The sale, the equivalent of 20 per cent of the company's equity, will be heavily dilutive. Its last big stock sale two years ago, which raised Rs80 billion, caused the bank's shares to under-perform for some months.

But Kamath and his team probably deserve some benefit of the doubt. Since that last capital-raising, ICICI shares have rebounded 80 per cent. As he said last week, if India's economy is going to continue to grow at breakneck speed, its banks are going to have to grow with it.

The last twist in the takeover of Countrywide, the perplexingly popular UK real estate agency, makes you wonder whether there is any longer such a thing as a "normal" bid. The group does finally seem to have fallen, after seven-and-a-half months, to an offer from Apollo, the US private equity firm. Even that bid had to be sweetened on the last day to see off 3i, a British buy-out fund whose first recommended offer was ignominiously rejected by shareholders in January.

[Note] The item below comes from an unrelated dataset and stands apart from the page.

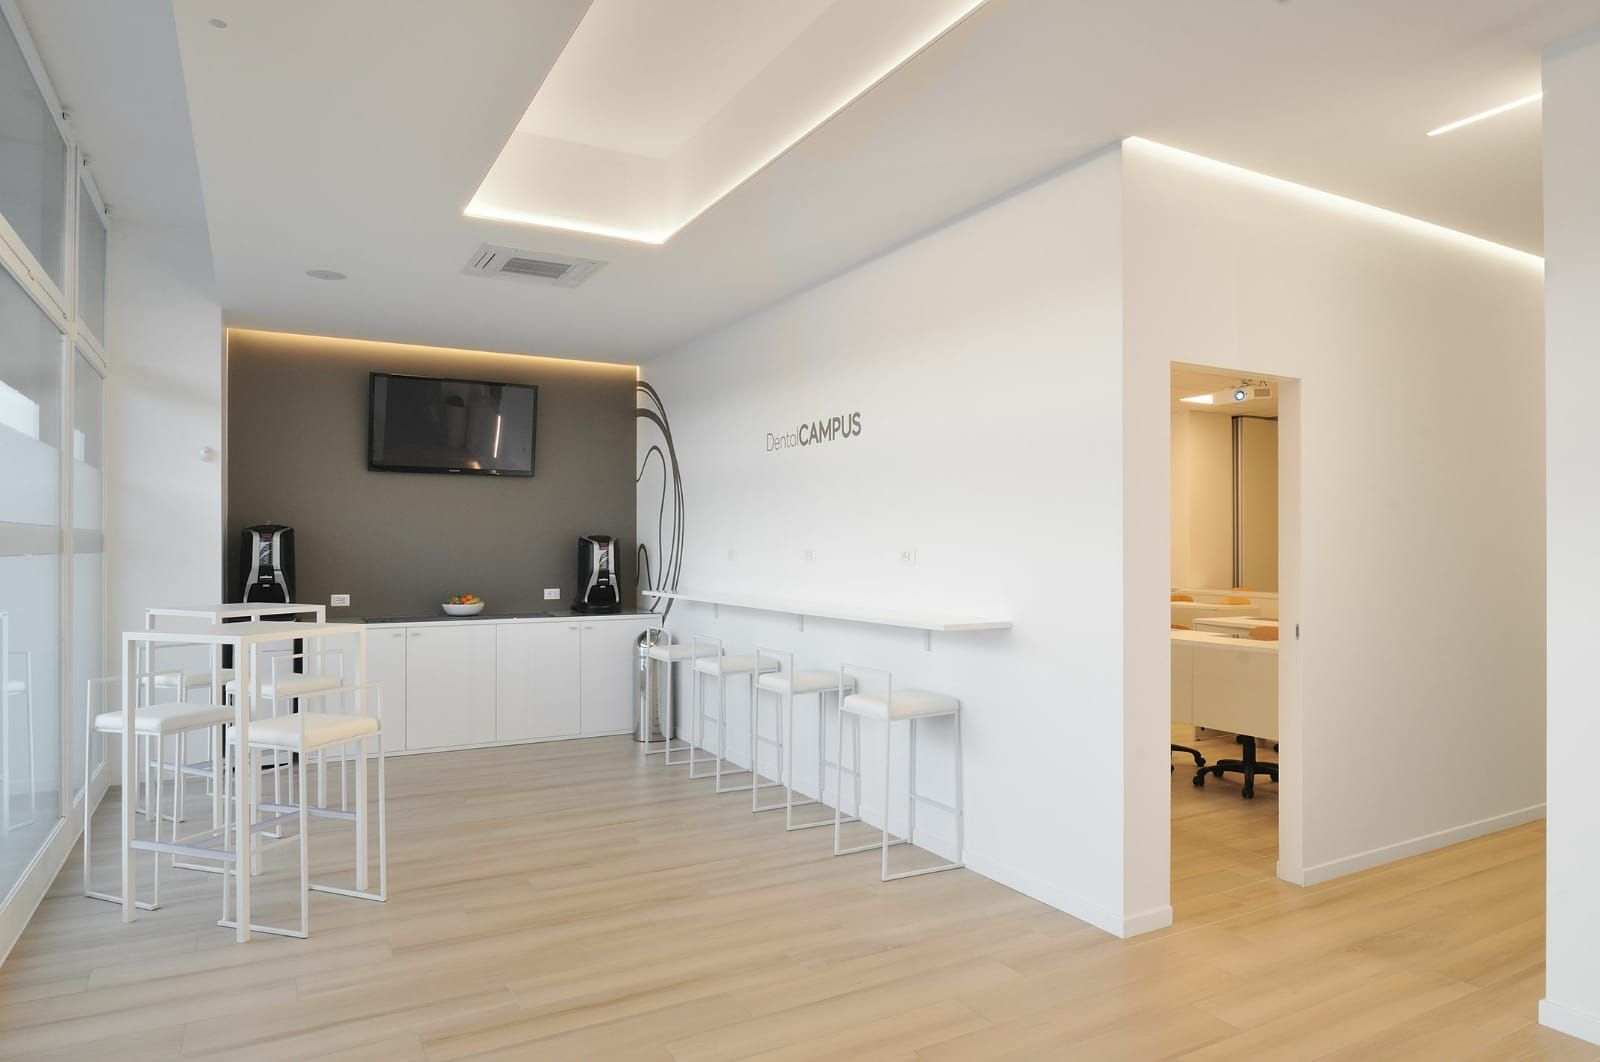 Centro Corsi - DentalCampus

Once upon a time, an agreed offer would have been nodded through, provided investors trusted the board's judgment. But, as Christopher Sporborg, the Countrywide chairman, has said, relationships with long-only funds count for little once aggressive, short-term investors buy in.

3i has not emerged well from this. It made a tactical error in billing its original bid as "final" which, under UK takeover rules, meant it could not be raised when the extent of investor opposition became clear. Apollo stepped in almost as soon as that offer was defeated, at which point 3i was clear to bid again. But the final auction of Countrywide took place behind the scenes, with Apollo exercising its right to match the UK firm's proposals.

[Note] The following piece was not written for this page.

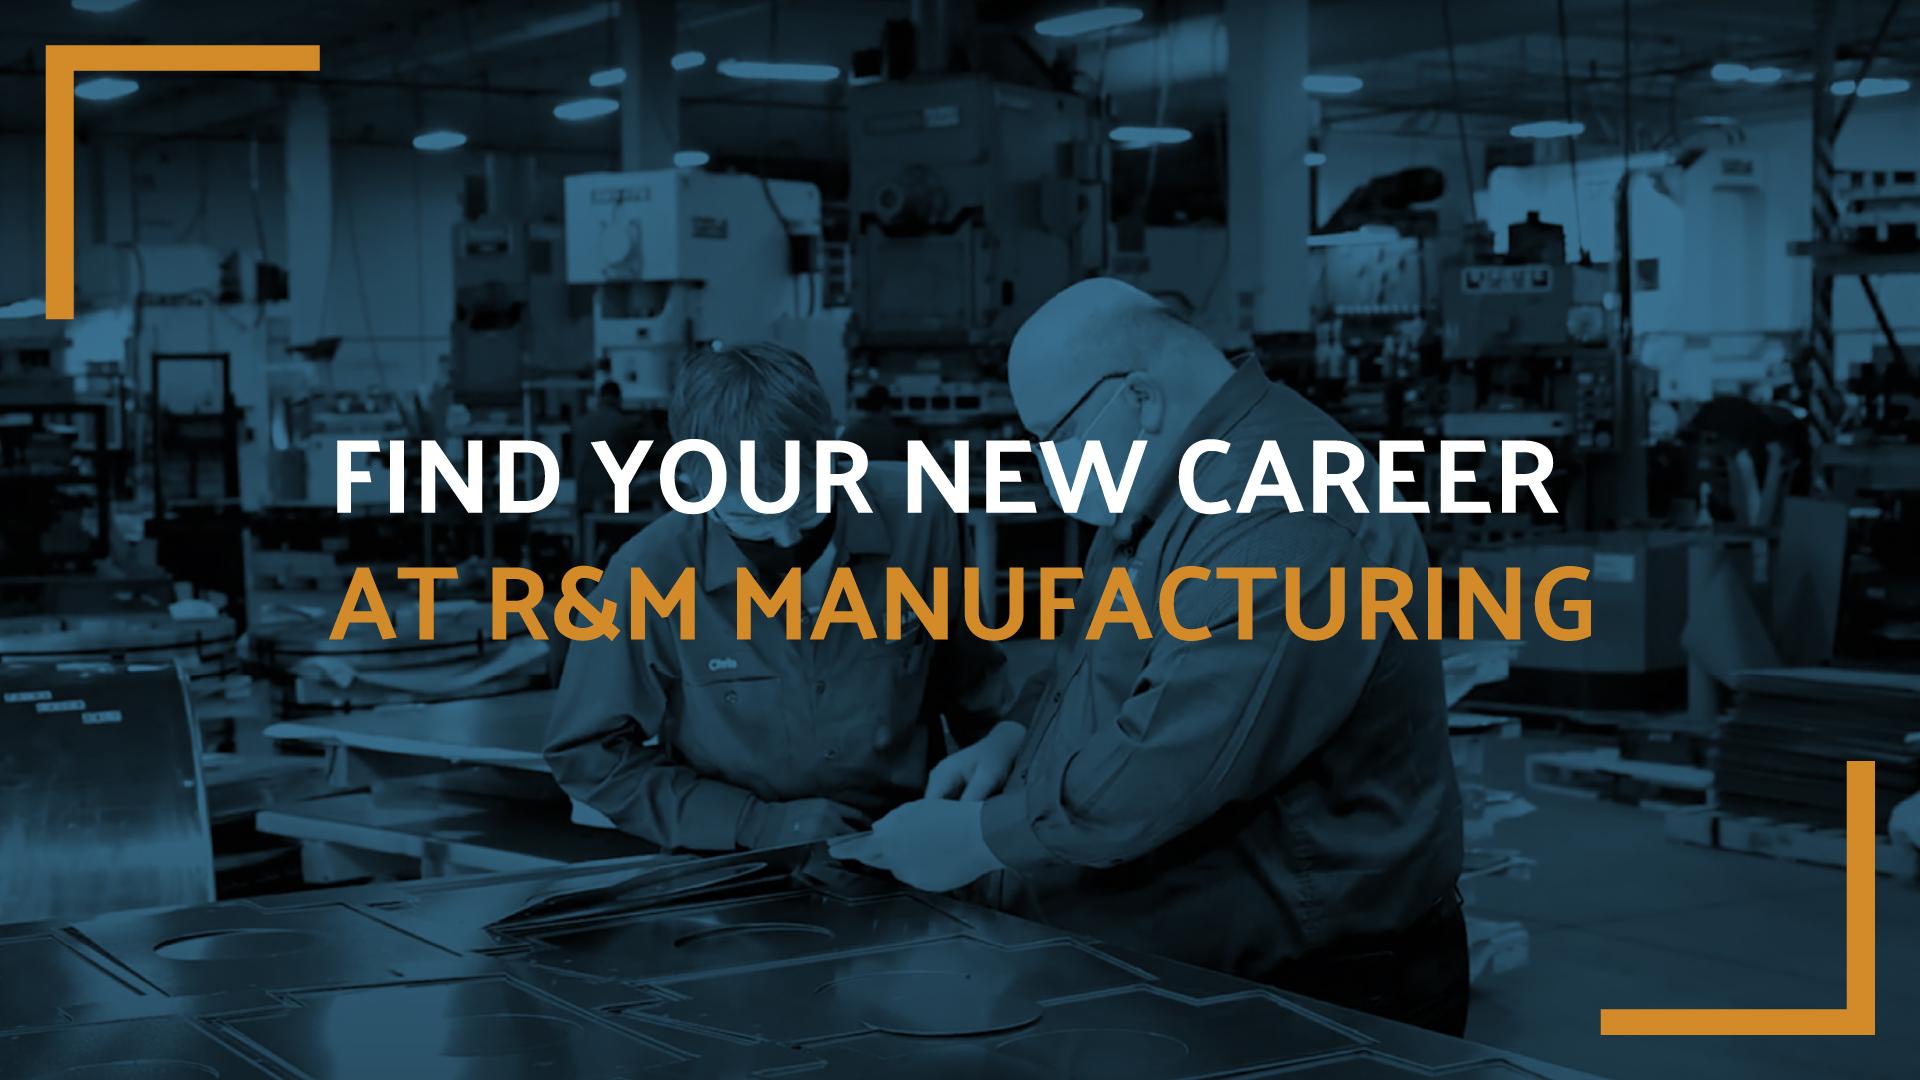 R&M-Recruitment-Video-3-17-21

Polygon, the hedge fund, emerges as a winner - assuming that, despite a toppy UK housing market, its aggressive assessment of Countrywide's long-term prospects is correct. It started as the holder of a speculative stake in Countrywide and ended up as a 29.9 per cent shareholder.

As such, it successfully insisted on receiving "stub equity" in the continuing business from Apollo. Long-only shareholders generally shun the offer of an illiquid minority stake. Its use here is a sign of how alternative asset managers are calling the shots. In other respects, however, the deal underlines how they have made the process less certain.

The dispiriting lesson of Countrywide is that when "recommended" no longer counts as a recommendation, "final" no longer means "final", and bidders have to pander to individual blocs of shareholders, boards will struggle to do the right thing.